Last Week on My Mac: KeySteal, Honkbox and BadGacha

Over the last ten days we’ve had two significant updates to macOS malware protection. As Apple has at last decided to revert to using plain rather than obfuscated names for the new malware these protect against, I thought it might be worthwhile to review how those updates affect us.

The first of the two updates brought XProtect to version 2166 on 22 February. This added four new detections, covering KeySteal A and three variants of Honkbox. These should now be detected and blocked immediately if you were to try running any of those on your Mac.

The second update brought XProtect Remediator to version 91 on 2 March. This added two new scanner modules for KeySteal and something named BadGacha, whose identity and nature remains unknown outside Apple, for the moment at least. These should enable periodic scans to detect and remove KeySteal and whatever BadGacha might be.


Although this first appeared at least a couple of years ago, it seems to have reappeared last autumn/fall, and has been described in full detail by Luis Magisa and Qi Sun of Trend Micro. It has been found as a malicious version of the ResignTool app, used to change code signatures. As its name implies, it mines for keychains and exfiltrates their contents, so could make off with very sensitive information. It may well be correctly signed, and in one case was presented in an Installer package that had the correct type of Developer Distribution signature for that.

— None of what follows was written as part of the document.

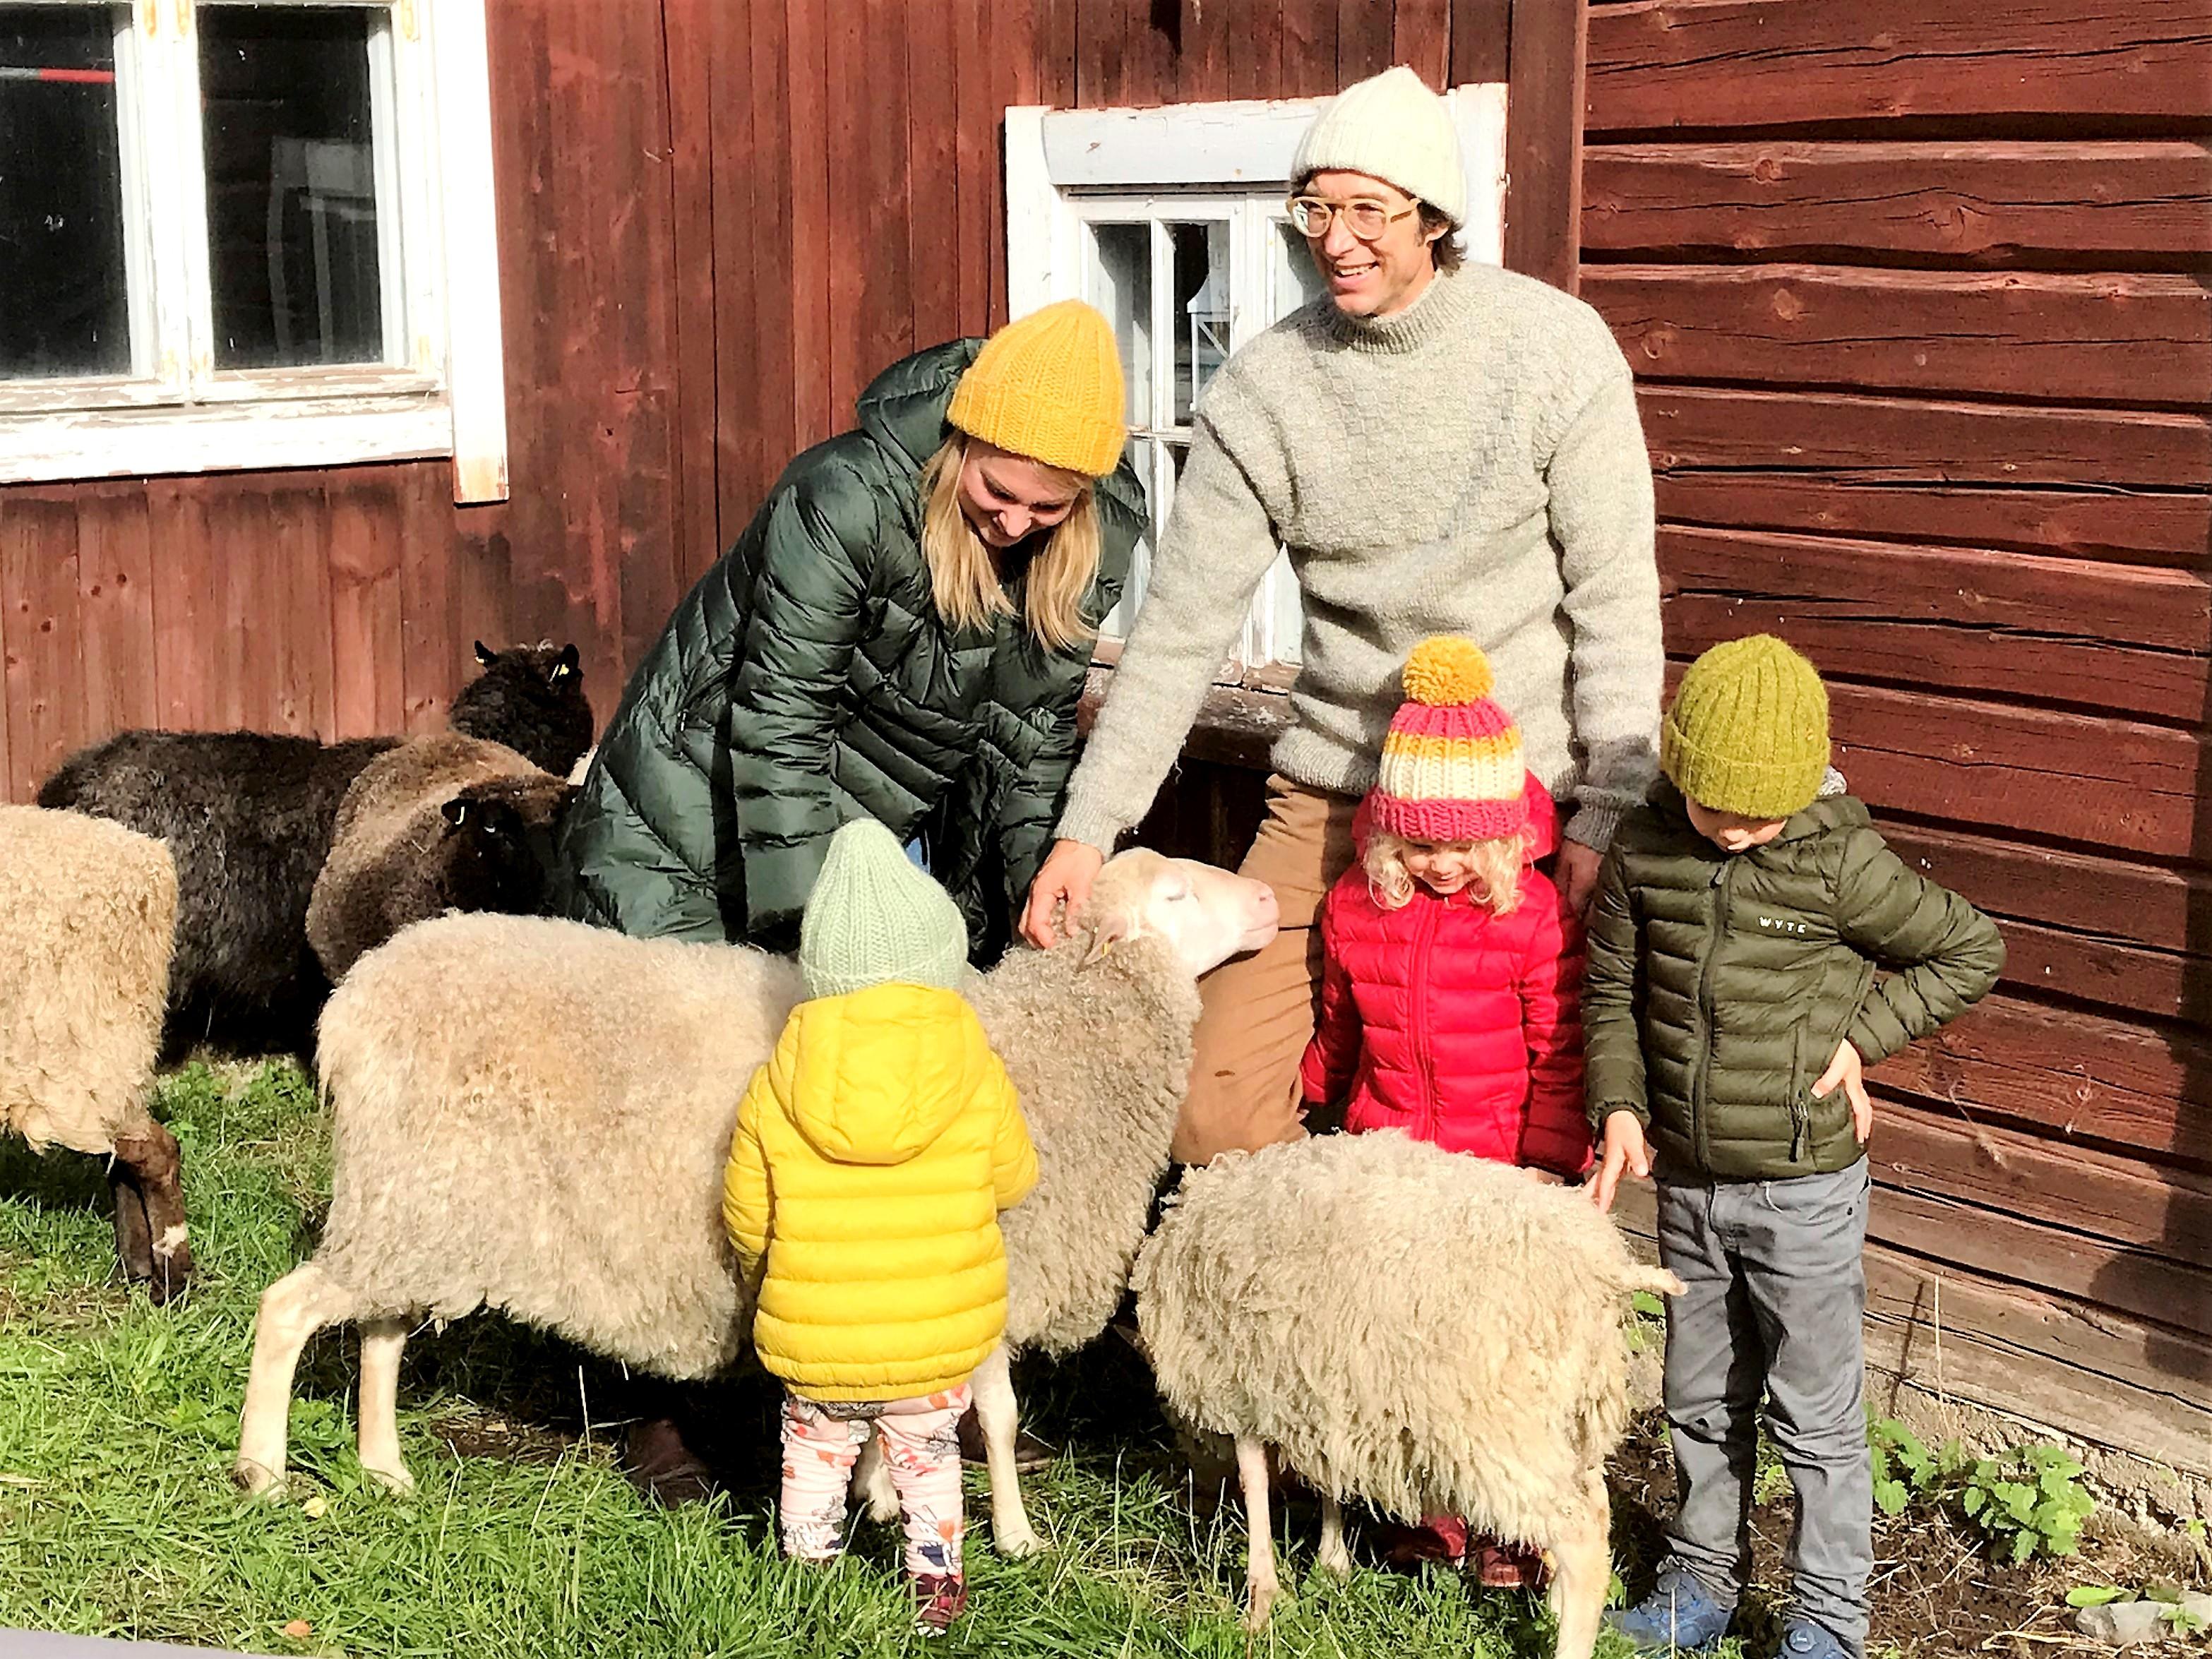 農場やヤンネとアンナのイメージ写真

Like all successful malware, it achieves persistence, in this case using two distinctive property lists at /Library/LaunchDaemons/ and ~/Library/LaunchAgents/ Ventura should report those in notifications should it attempt to install them.

Clearly Apple considers this is now a significant threat to macOS users, and its detection by both XProtect and XProtect Remediator is notable.


Although the signature used by KeySteal’s installer has been revoked, and that stops it from being run, it’s likely that its developers are already using a different signature.


XProtect Remediator 91 now detects and remediates KeySteal effectively if it does manage to get past Gatekeeper.


This too goes back to 2019, when it was first reported, but seems to have reappeared more recently. It has been described in research by Matt Benyo, Ferdous Saljooki and Jaron Bradley of Jamf Threat Labs, and more recently in an update by Phil Stokes of SentinelOne.

Honkbox has been delivered in pirated software, including copies of Final Cut Pro, through PirateBay; whoever is responsible for providing these may also use other similar commercial products to install Honkbox. This is classed as a cryptominer or cryptojacker, and displays evasive behaviour when Activity Monitor is open.

Because the malicious software is embedded within an app that’s already signed, that signature fails when macOS checks it properly. Prior to Ventura, unless the quarantine flag is set on the app, a full signature check by Gatekeeper may well not take place, allowing the malware to install itself. Ventura changes that, as full Gatekeeper signature checks are now run even when there’s no quarantine flag set, so macOS 13 should block this successfully. Added support for detection by XProtect should ensure that it’s reliably blocked on earlier macOS as well.

Honkbox is compelling evidence for the avoidance of hacked apps from sources such as PirateBay: it’s not unusual for them to contain malware, and they’re often obtained using apps and tools that avoid setting the quarantine flag, so reducing the chances of their being detected by macOS, at least prior to Ventura.

Honkbox has received limited attention, and little seems known about it. Clearly Apple’s assessment is that it’s now a significant threat.


All I can tell you about this is that its name is derived from gacha, referring to a family of games based on toy vending machines. I have no idea whether we’ll ever discover what this is in terms of Mac malware, but will let you know if and when a researcher does.

As ever, I’m very grateful to the Objective-See Foundation and Patrick Wardle for providing the sample of KeySteal.